Ratings Recap: Mercer Group, CAMICO, First Jersey

June 23, 2010

A.M. Best Co. has revised the outlook to stable from negative and affirmed the financial strength rating of ‘A’ (Excellent) and issuer credit ratings (ICR) of “a” of the New Jersey-based Mercer Insurance Group. The ratings also apply to the following four inter-company reinsurance pool members: Mercer Insurance Company (Lock Haven, PA), Mercer Insurance Company of New Jersey, Inc. (Pennington, NJ), Franklin Insurance Company (Lock Haven, PA) and Financial Pacific Insurance Company (FPIC) (Rocklin, CA). Best also revised the outlook to stable from negative and affirmed the ICR of “bbb” of Mercer Insurance Group, Inc. “The revised outlook reflects Mercer’s ” improved level of capitalization in 2009 as surplus grew due to profitable after-tax operating results, a capital contribution from its parent and a decrease in the group’s non-admitted deferred tax assets,” Best explained. “In addition, the equity in the group’s fixed income portfolio significantly improved during the year, further bolstering economic capital. Best said that the ratings reflect Mercer’s “favorable capitalization, solid operating performance and conservative management philosophy. The group continues to record favorable underwriting results, which have been an important driver of strong pre-tax returns on both revenue and surplus that either meet or exceed industry peers.” As offsetting factors, best cited Mercer’s “elevated expense structure and the risks associated with possible further adverse development on its construction defect liabilities. These concerns are partially mitigated by the strong expense control initiatives implemented during 2009 that resulted in a reduction in the expense ratio, despite a modest decline in net premium volume, historically strong reserve positions taken on more recent accident years and the fact that its construction defect claims are reserved above the actuarial mid-point suggested by its outside actuaries.” Best said the rating outlook reflects its expectations that “strong earnings will continue to add to Mercer’s capital base, further protecting the capital position against potential volatility in both the capital markets and loss reserve position.”

A.M. Best Co. has revised the outlook to negative from stable and affirmed the financial strength rating of ‘B++’ (Good) and issuer credit rating of “bbb” of Calif.-based CAMICO Mutual Insurance Company. The ratings reflect CAMICO’s “appropriate risk-adjusted capital, strong market presence and historically high policyholder retention,” Best said. The rating agency also noted that it recognizes CAMICO’s “long-term commitment to supporting its members, providing policyholders with dedicated risk management and claims services and the benefits of new programs to reduce retained risks. However, “CAMICO’s recent unfavorable operational performance, including increases in claim frequency and high profile exposures,” should be considered as offsetting factors. In addition, Best cited “declines in investment results and increases in reserve allocations in the most recent years,” which have led to deteriorating results. Best explained that the negative outlook recognizes that CAMICO’s “current position is susceptible to short-term adverse changes in its operating environment. These include adverse development in claim severity and frequency, lower than optimal investment returns and commission and fee based income falling short of projections. Management has taken steps to improve profitability and protect capital; however, the ratings are dependent on the company’s ability to generate positive operating results, favorable reserve development and growth in policyholder surplus.”

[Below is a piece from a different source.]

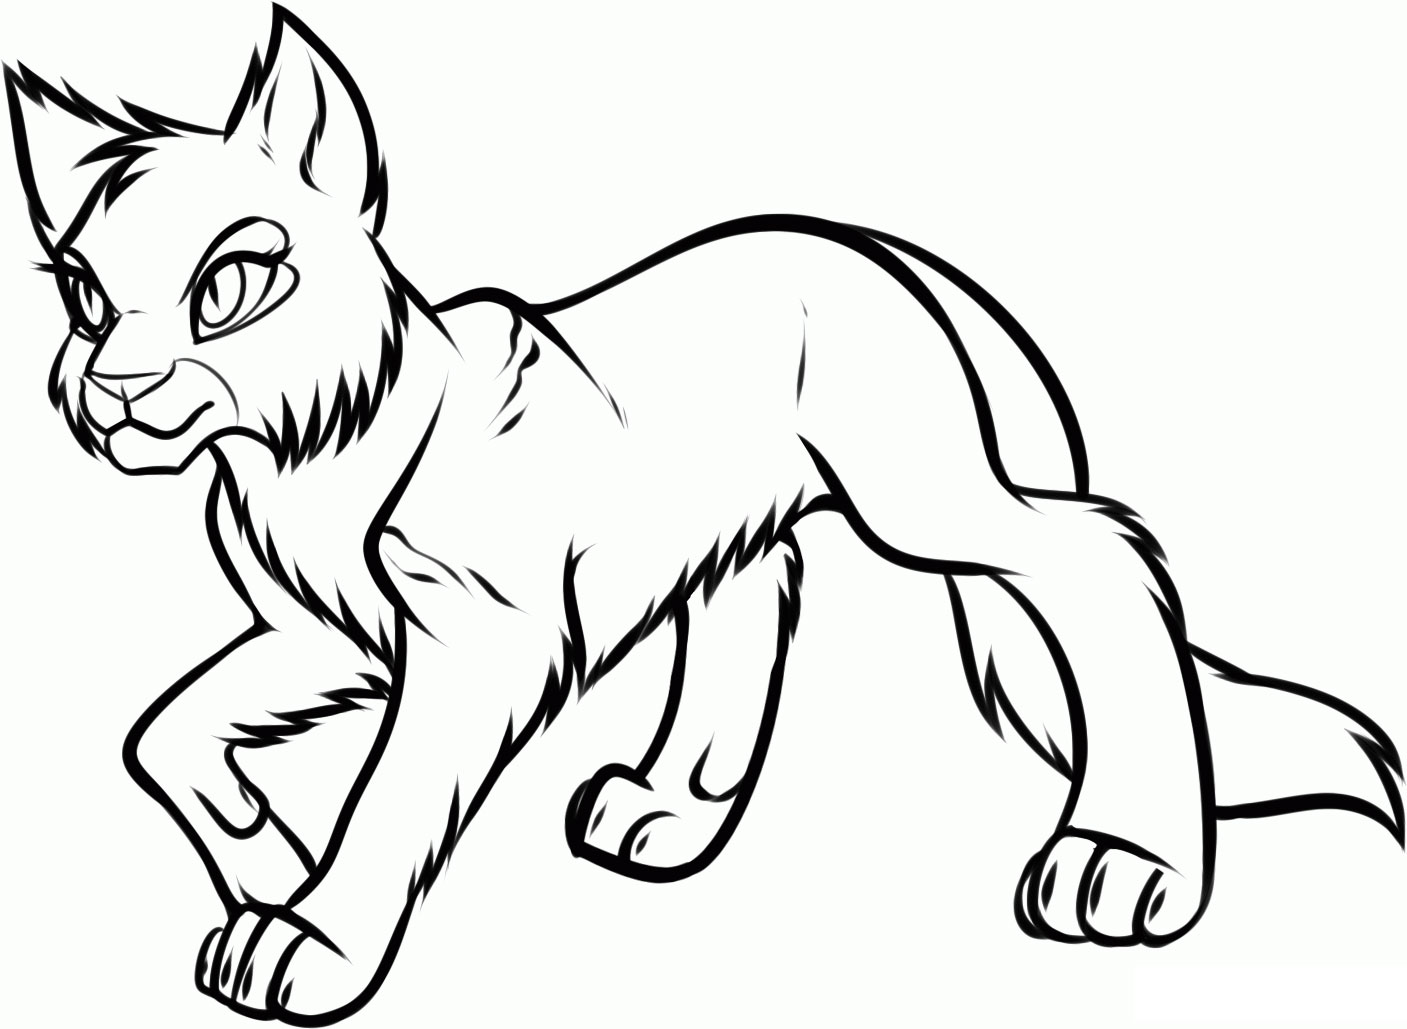 Cat Coloring Pages for Adults - Bestofcoloring.com

A.M. Best Co. has revised the outlook to negative from stable and affirmed the financial strength rating of ‘B+’ (Good) and issuer credit rating of “bbb-” of First Jersey Casualty Insurance Company. The negative outlook reflects “FJCIC’s significant underwriting and operating losses in 2009,” said Best. It explained that the “poor performance was caused by adverse loss reserve development, primarily on the 2003 to 2007 accident years, for which FJCIC maintained excess of loss reinsurance. Best added that it is concerned that a “continuation of recent operating losses could cause a decline in FJCIC’s risk-adjusted capitalization to a level of capitalization not commensurate with its current ratings. The ratings also recognize FJCIC’s adequate capitalization, which benefited from a $1 million equity infusion in 2009, and the long-standing relationship FJCIC has with its affiliated agency, Restaurant Coverage Associates, Inc.”